The plaintiff's allegation of physical assault by the defendant was an act of harassment under c. 258E. See V.J, v. N.J., 91 Mass.App.Ct. 22, 25 (2017) (grabbing plaintiff from behind and placing her in "bear hug" was act of harassment). The remaining claims, however distressing to the plaintiff, cannot fairly be said to constitute harassment within the meaning of the statute. Calling the police and documenting activity that is part of a neighbor border dispute cannot reasonably be construed as "intimidation, intending to cause fear of physical harm or damage to property." Gassman v. Reason, 90 Mass.App.Ct. 1, 9 (2016). Similarly, in the context of this case, taking videos and photographs of the plaintiff's family was not qualifying conduct because there was no evidence of the requisite intent. See C.E.R. v. P.C., 91 Mass.App.Ct. 124, 128 (2017) (installation of video cameras by tenants pointed at live-in landlord's driveway and living room was not act of harassment, despite landlord's testimony that could be construed to mean cameras caused her "fear," because there was no evidence that tenants intended to cause her fear or intimidation). Moreover, there was no evidence that this conduct by the defendant was "aimed at" the plaintiff himself. F.K. v. S.C., 481 Mass. 325, 332 (2019) ("As a threshold matter, a plaintiff must demonstrate that a defendant engaged in . . . acts . . . aimed at a specific person" [quotations and citation omitted]). Finally, the plaintiff's claim that the defendant threatened to "harm [the plaintiff's] family detrimentally via social media" lacked the quality of a "true threat" and was too vague to constitute the type of conduct barred by G. L. c. 258E. See Kareem K. v. Ida I., 100 Mass.App.Ct. 902, 904 (2022).

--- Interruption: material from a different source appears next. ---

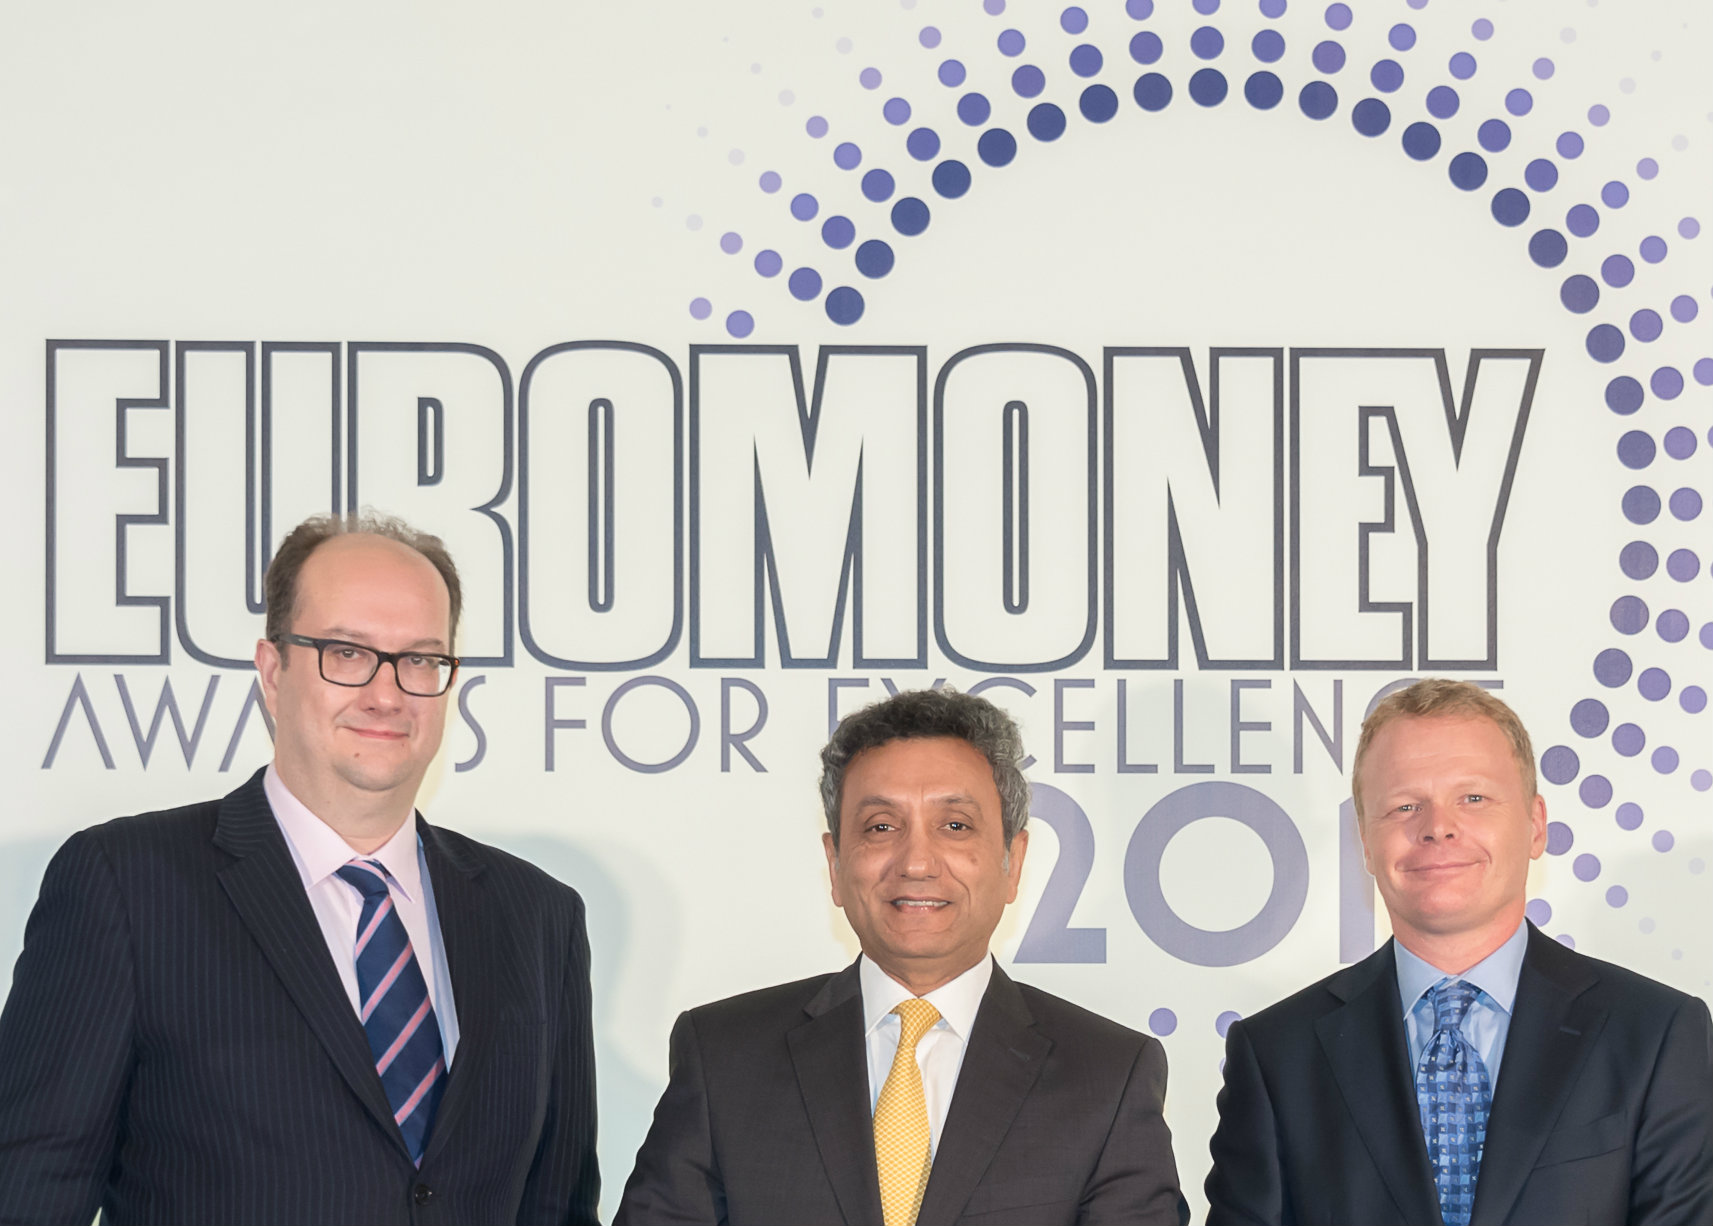 MCB Bank Ltd declared “Pakistan’s Best Bank” at Euromoney Awards for Excellence 2016
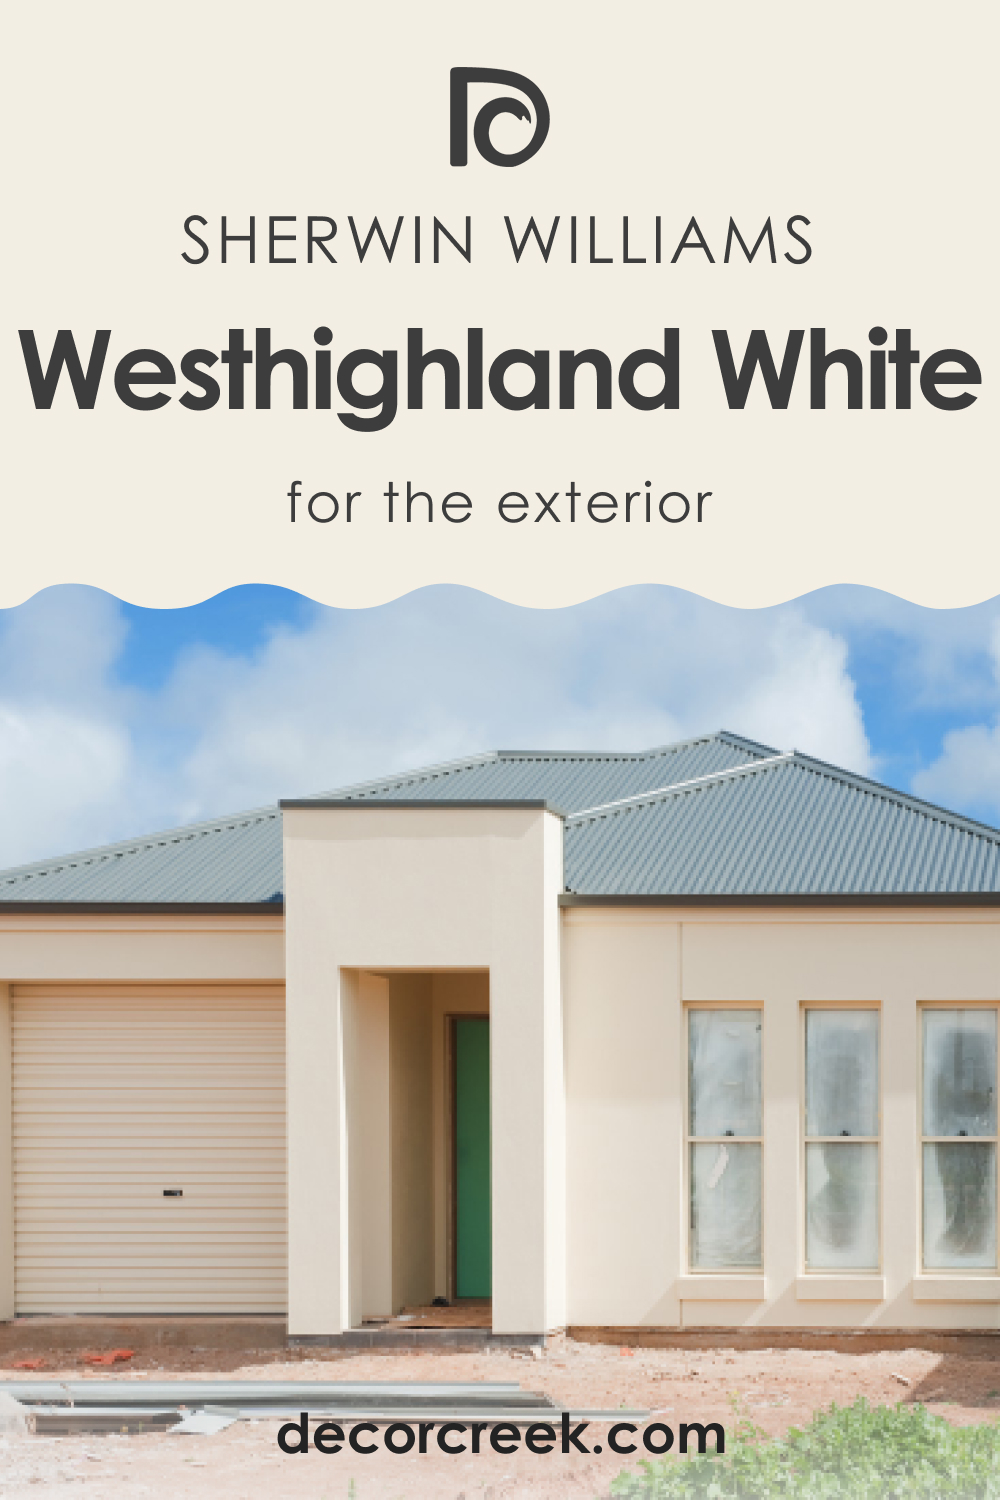 How to Use SW 7566 Westhighland White for an Exterior?

Although this type of conduct may, with added detail, rise to the level of an act or acts of harassment, on the record before us there is insufficient evidence to support such a finding. The defendant claimed, and the plaintiff did not dispute, that the videos were taken to memorialize the defendant's complaints of the plaintiff's children riding ATVs and "blaring" their horns near his property.
Although we understand the inclination to issue an order for the parties to stay away from each other, particularly given the history, continuing physical proximity, and court room dynamic presented by the two families here, there was insufficient evidence to support the issuance of this c. 258E extension order against the defendant. Therefore, we vacate the harassment prevention extension order issued June 16, 2021. See Seney v. Morhy, 467 Mass. 58, 63-64 (2014); C.E.R., 91 Mass.App.Ct. at 132 & n.17.
So ordered.
Sullivan, Neyman & Brennan, JJ.
The panelists are listed in order of seniority.